Trusting right timing

In my own life, I am working on trusting right timing--trusting that when things happen at the moments that they do, there is something to the timing of it, and that I cannot rush timing.

In hindsight, I can see so many examples of right timing. In hindsight, I can see how perfectly all the little pieces alchemize like a mad, chaotic chemistry experiment, a dash of pain thrown into the recipe that would solidify and then dissolve so that it could caramelize and sweeten into something worth eating.

I can’t tell you how many stories I’ve heard, of people who were inexplicably thrown together at the right time.

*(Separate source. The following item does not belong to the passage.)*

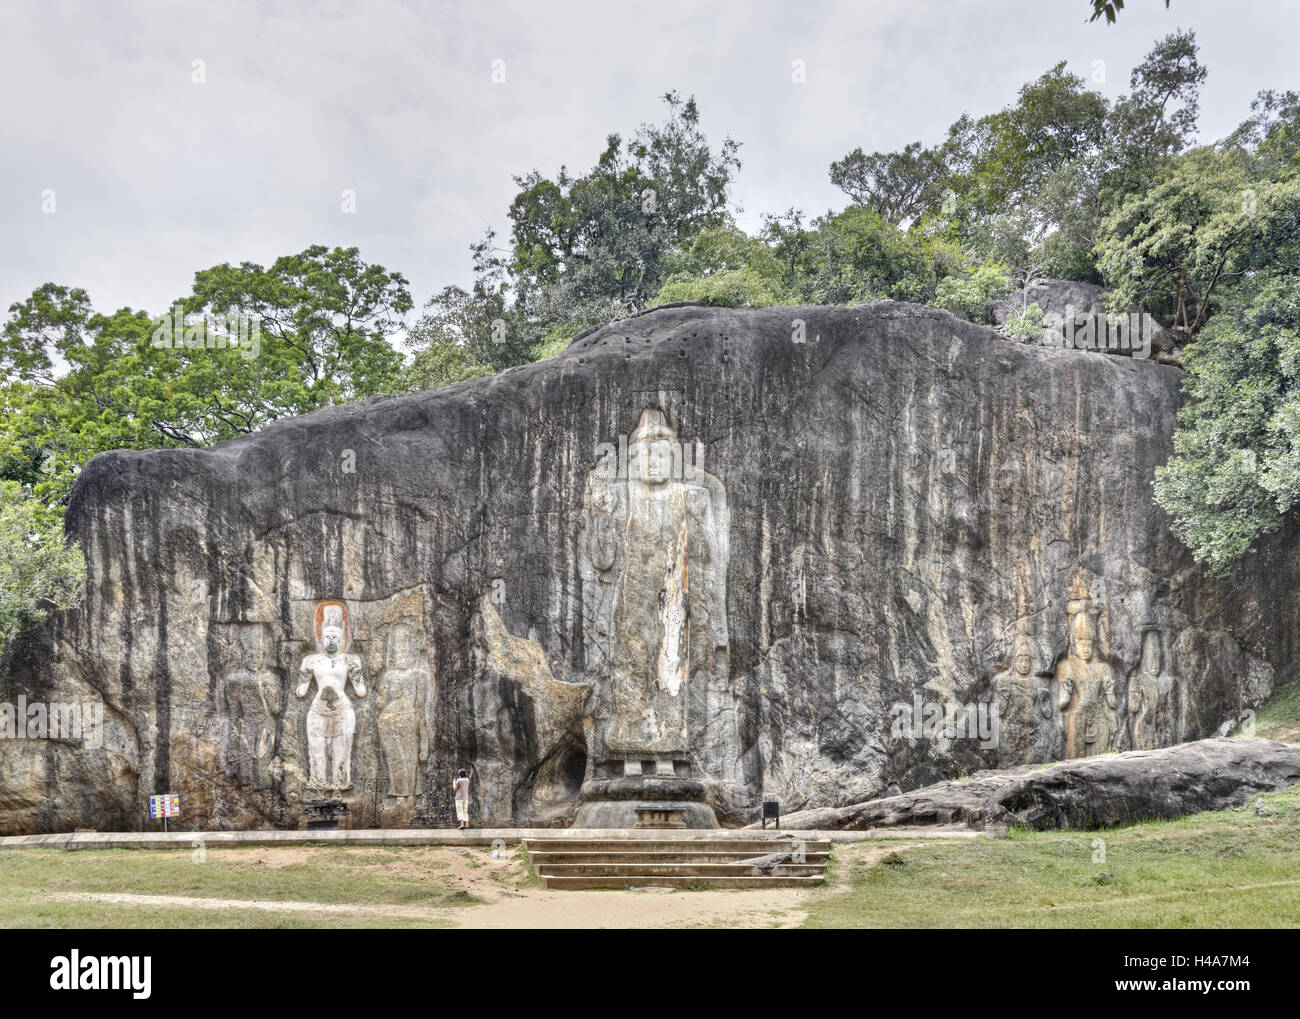 Sri Lanka, Wellawaya, Buduruwagala, temple bouddhiste dans la bile, Bouddha, ciselées Banque D'Images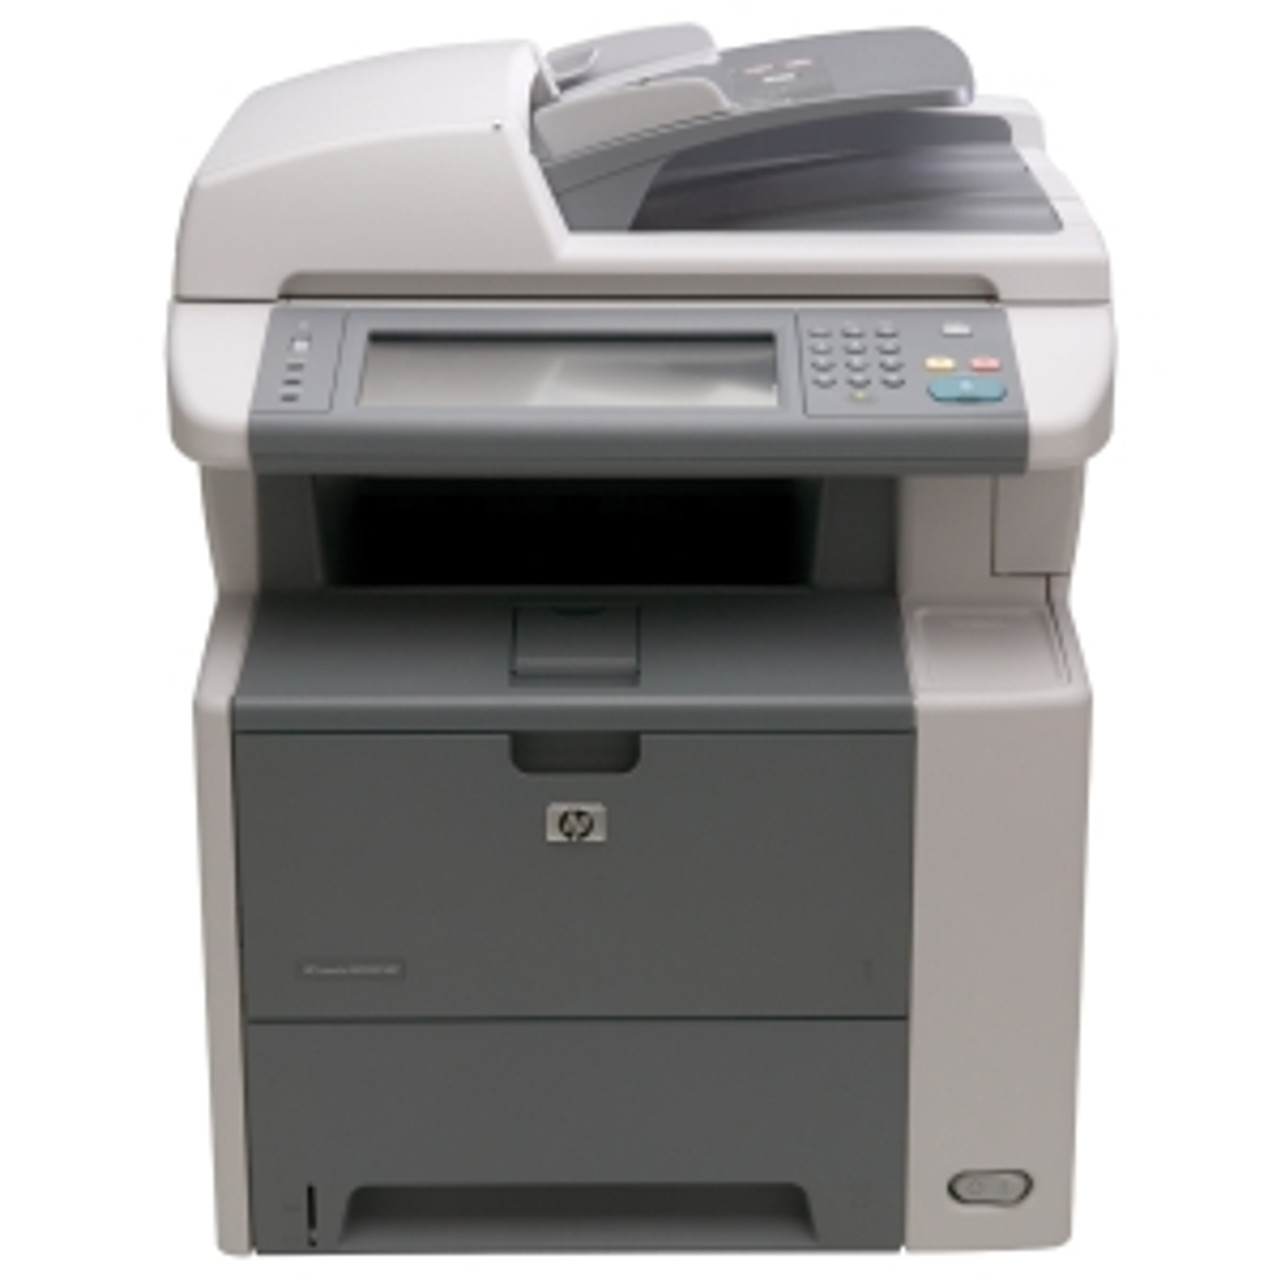 CC476A - HP LaserJet M3035 Laser Multifunction Printer Monochrome Plain Paper Print Desktop Copier/Printer/Scanner 35 ppm Mono Print 1200 x 1200 dpi Print 35 cpm Mono Copy 600 dpi Optical Scan Automatic Duplex Print 600 sheets Input Fast Eth

The crash that happened and for seconds, time stopped, and then everyone walked straight into their role—holding the victim, calling the police, the nurse or doctor who happened to be right there to offer life-saving care.And then there are the times when things don’t work out, but even those have the power to transform. I will never forget being newly licensed at sixteen years old, driving very slowly past an accident in which a driver had, moments before, hit a pedestrian. The pedestrian was on her back, blood pooling around her body. The driver—she was also about sixteen years old, from the look of her. The shock of hitting and clearly harming another human being had hit her so hard that she had fallen out of the driver’s side of her car, door open, and she was on her knees, screaming No, no, no and it was terrible——and forevermore it has stayed with me that in a moment any one of us can make an inadvertent mistake that will change the course of our lives, that presence matters, that we all deserve compassion, because that could have been me, could have been you, could have been any of us who were simply driving, or simply walking across a street. No one wakes up in the morning, thinking, “This will be it. After I get into the car, today, everything changes,” or “This will be it. When I cross that street today, everything changes.”

It came to me that day how short our lives really are, and how much I want to use mine for something more than the acquiring of things, the rushing from one place to another, the not being present until forced to be, the complaining, the settling.

When I take my attention off of how I feel it all should be happening right now, and instead decide to start trusting right timing, I am reminded of how grateful I have always been that things worked out however they have.

I become grateful for the jobs that didn’t work out, even if at the time I was wringing my hands (otherwise, I might not be right here, in this job).

I become grateful for the relationships that didn’t work out, even if at the time I was in such pain (otherwise, I might not have been freed up for this one, right now).

I also become grateful for the hard decisions of those moments, the decision that I was not going to settle. That decision was the catalyst for something more, even if at the time the decision to change felt about as difficult as the decision to let things go on as they were.

Sometimes, when I am in moments of deep suffering, suffering that makes no sense whatsoever, the only thing I can do is decide that at some point, I will see the right timing. Maybe not now, and maybe not for years, but life has taught me that the pieces thread together in their own way.

Life has taught me that we cannot avoid the car crashes, but we can decide to make meaning of them. Meaning-making will toughen you at the same time that it sweetens you. It used to seem pithy to me, frivolous, to think of finding meaning in things that were difficult—the kind of thing only naive people might think of.

Then I was hit by enough situations that would have broken me had I not decided to bend in the direction of finding meaning. The meaning has carried me through, shored up my psychological resolve, stemmed the anxiety of an uncertain world, made it so that I can sleep at night.

We each find our own way, and in the balance of things, I think that each way is its own contribution. Some of us see car crashes and decide to avoid cars. Others of us ruthlessly fight for tougher driving laws so that we can avoid crashes altogether. Others of us will try to make cars safer or evolve the technology.

Me, I accept that in this nonsensical world I will not be able to avoid life’s crashes, but in every moment otherwise I will do what I can with my puny two hands and my voice to act as a sort of modern-day witch, invoking words and images to alchemize whatever pain I can for myself or others.

Meaning-making is the way that I know, so it is what I give.